*What to do*
Copy task. Retype the whole listing exactly, omitting any picture in it.

##### The data

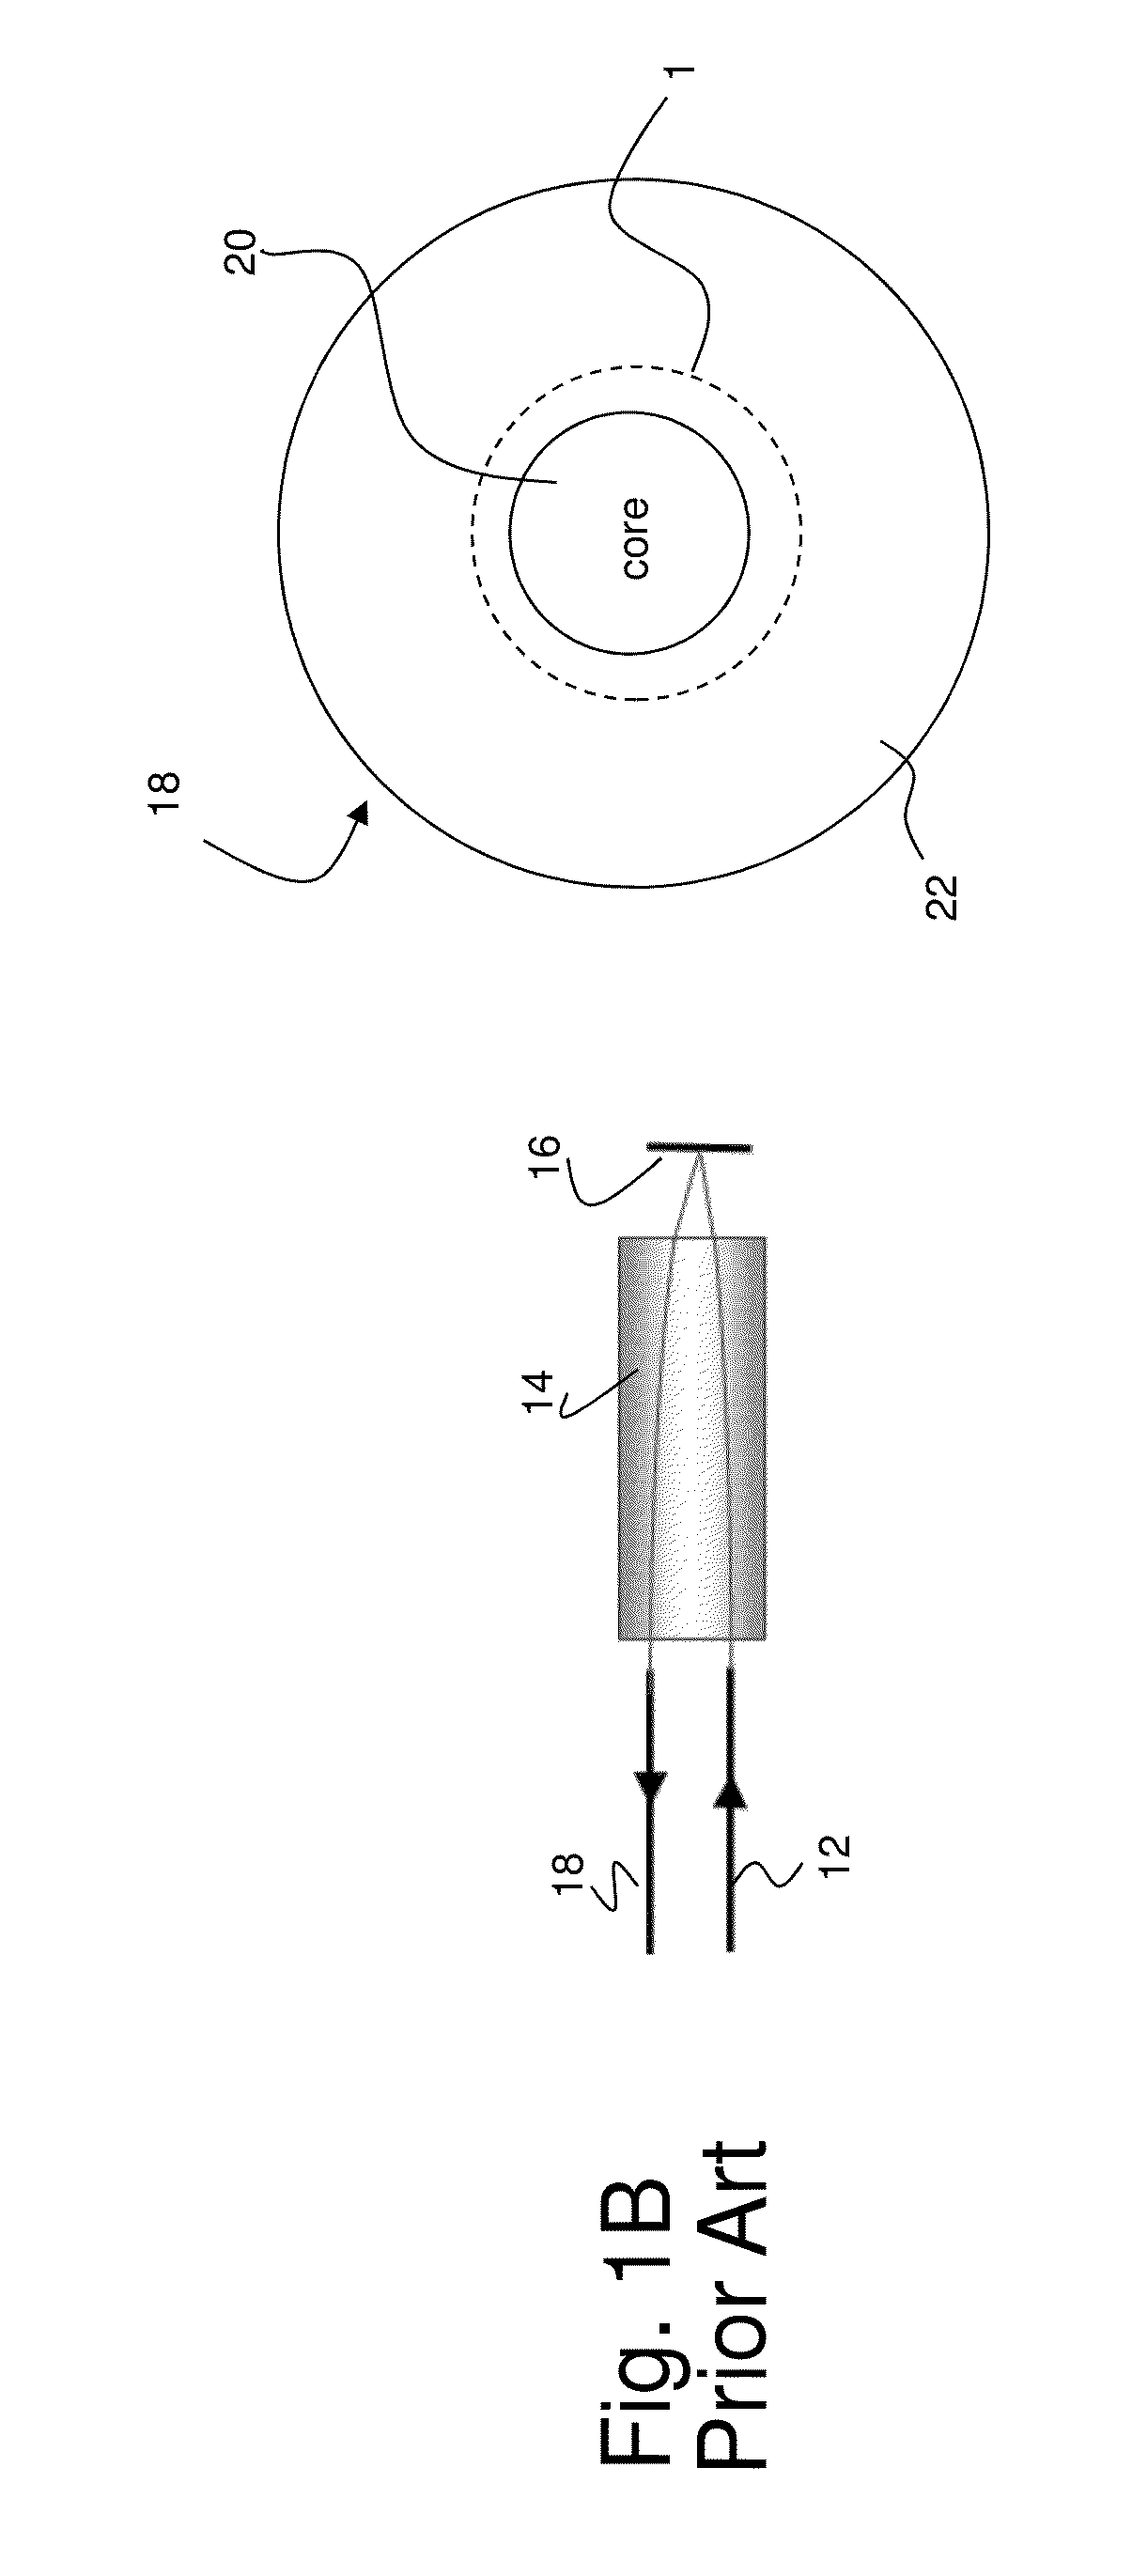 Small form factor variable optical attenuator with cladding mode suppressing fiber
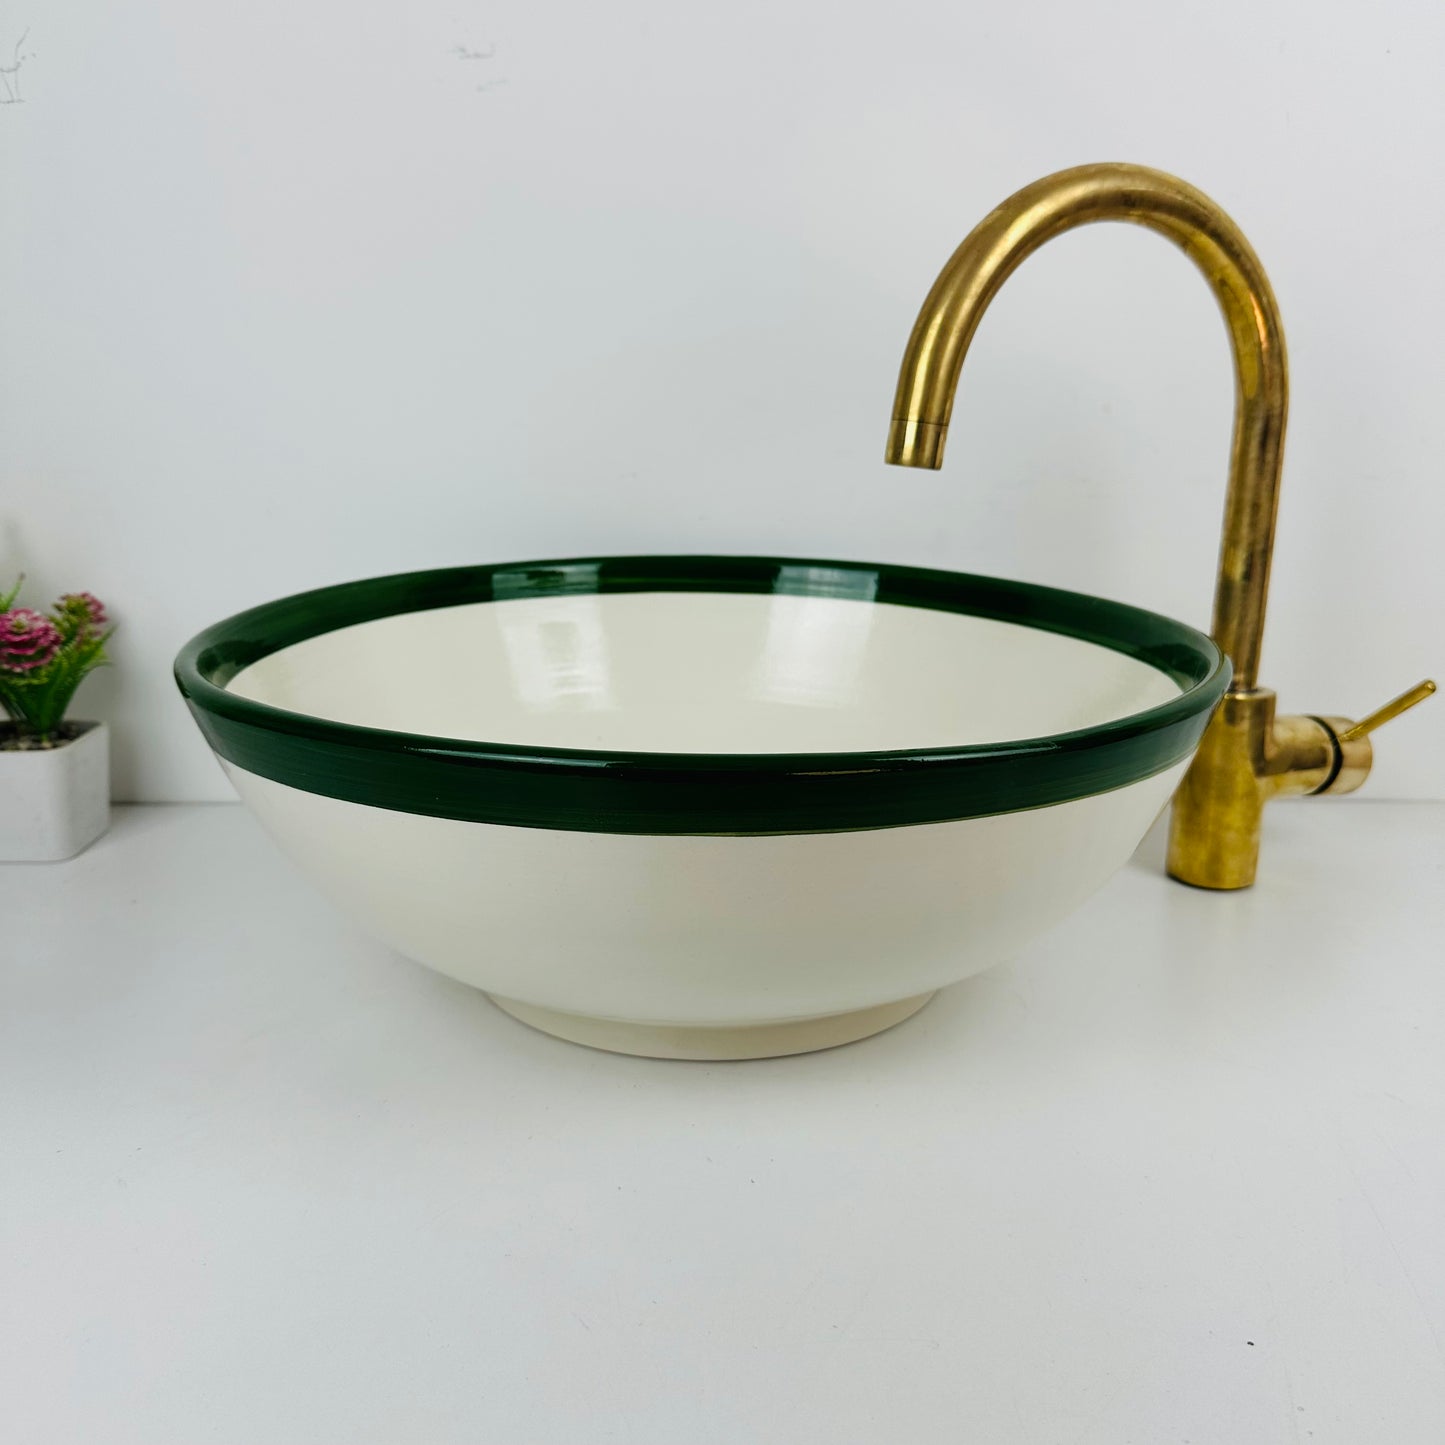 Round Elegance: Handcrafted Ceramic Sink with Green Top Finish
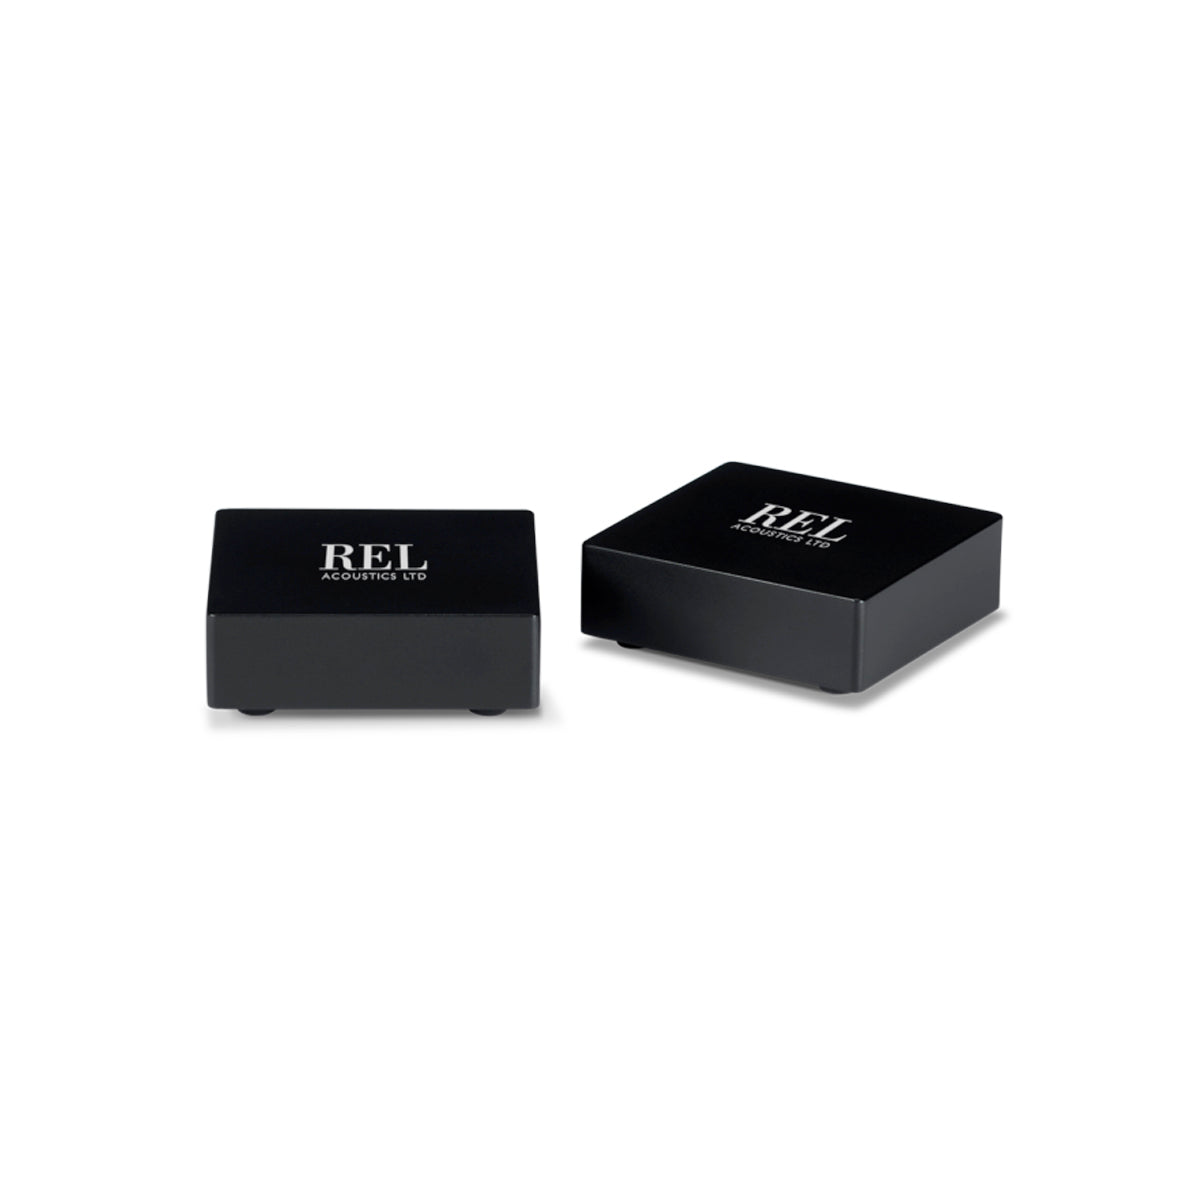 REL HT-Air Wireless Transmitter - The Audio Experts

##########

*Solution to the problem*
 Small form factor variable optical attenuator with cladding mode suppressing fiber
 Round Elegance: Handcrafted Ceramic Sink with Green Top Finish
 REL HT-Air Wireless Transmitter - The Audio Experts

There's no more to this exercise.